Whilst we are on stone constructions I thought I'd mention cucos which are stone built sheds. They were built principally as shelters for shepherds and herders moving livestock along the cañadas, the drovers pathes, that criss cross Spain. The cañadas were introduced by legislation written in the reign of Alfonso X in the XIIIth Century so the cucos have been around a long time too.



Saturday, May 23, 2015

A few things that crossed my mind when I was trying to think of a blog entry

It stopped being cold in our house a few weeks ago now. I forget quite when but suddenly we weren't using the gas heaters, I started to pad around the tiled floors in bare feet as I got up in the morning. Winter was gone and there were flowers in the garden. Last week, I think, it was warm - a few days in the 30ºC bracket. I folded up my pullovers. That turned out to be a bit premature. I've needed a woolly the last couple of days.

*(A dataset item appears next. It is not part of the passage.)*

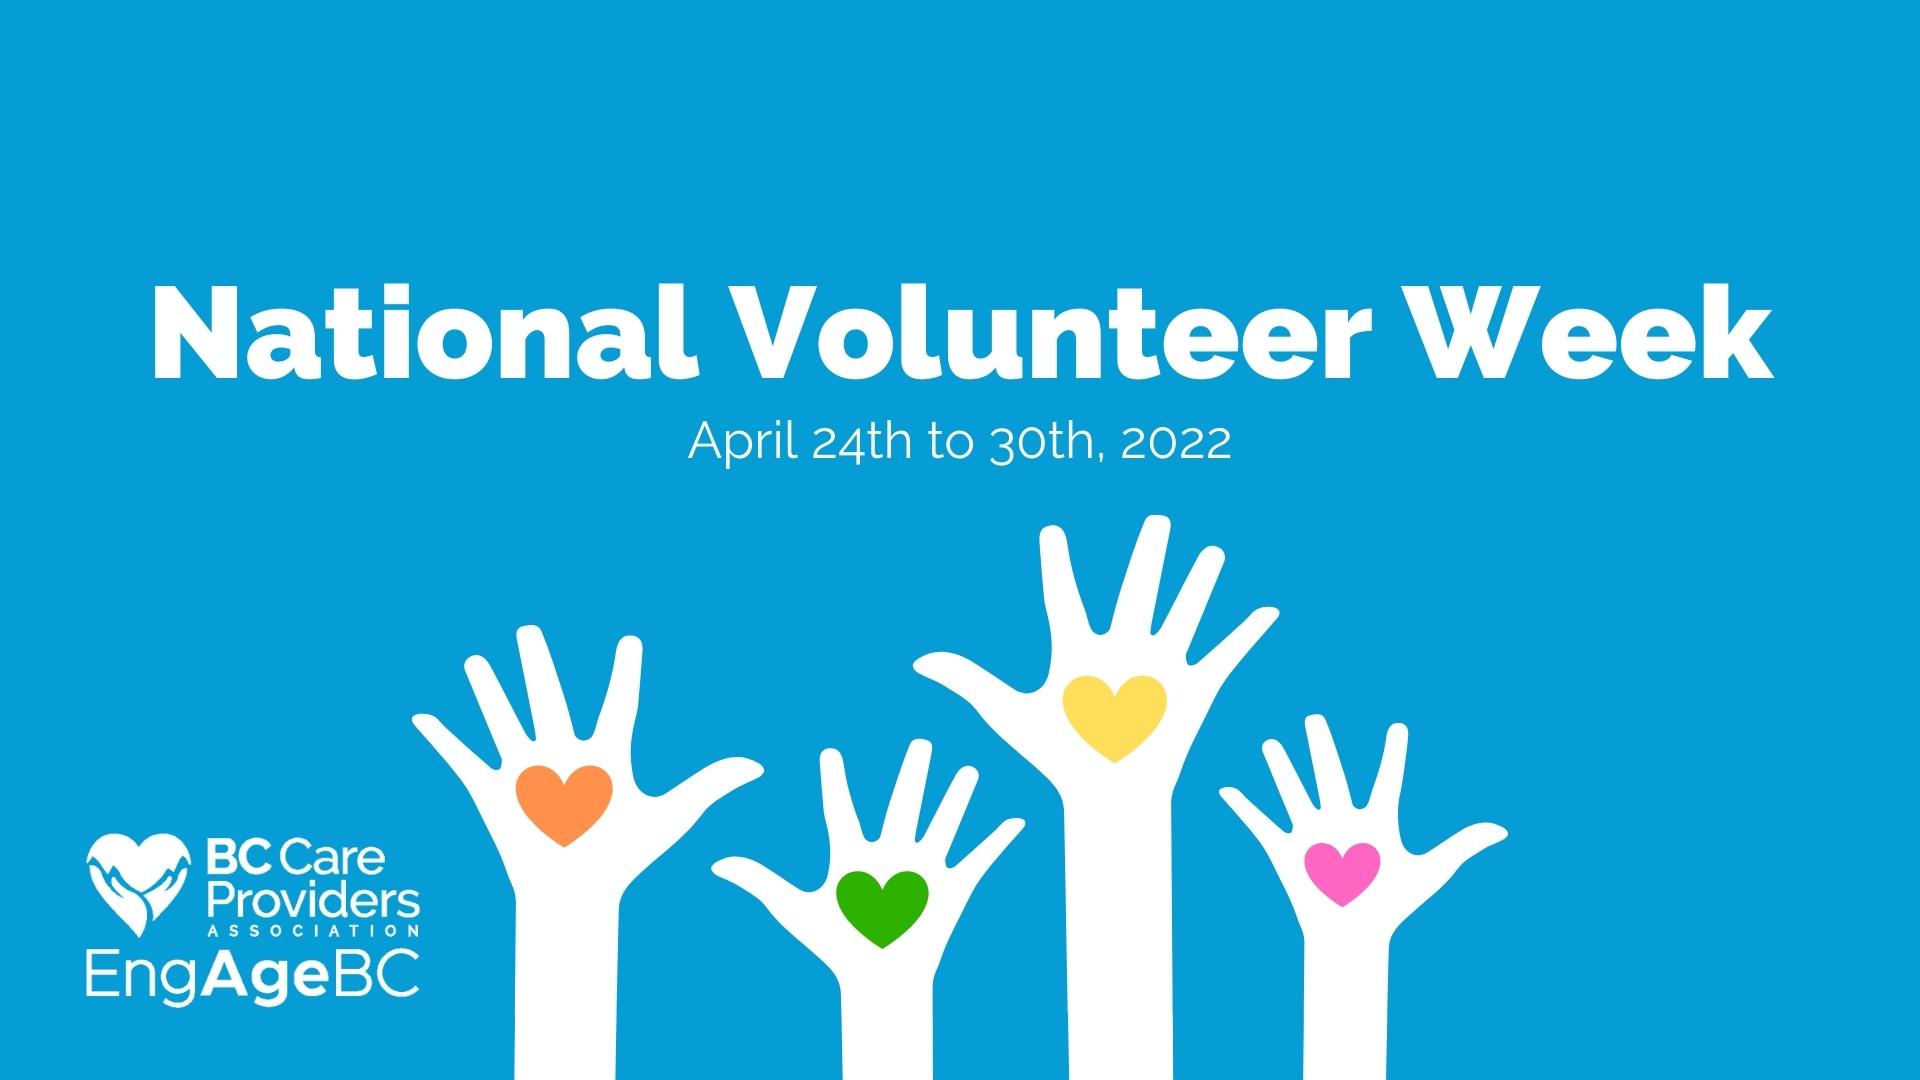 Celebrating the sector’s volunteers during National Volunteer Week!

I was just about to go to work, Maggie was on her way home after work. We were together. We decided a quick snack was in order. We chose a roadside bar café that we haven't been in for years. It was a mistake. It was scruffy, barn like, dark and a bit dirty. Nonetheless we sat at the bar, ordered a drink and surveyed the tapas in the little glass display cases. Lots of them looked like food left on the plates piled up by the side of the sink after a good meal; perfectly nice when freshly prepared but well past their best now. We ordered a sandwich instead but as I ate and surveyed the sad looking tapas their aspect began to lose ground to their potential taste. I wondered about ordering something. I didn't, but I nearly did.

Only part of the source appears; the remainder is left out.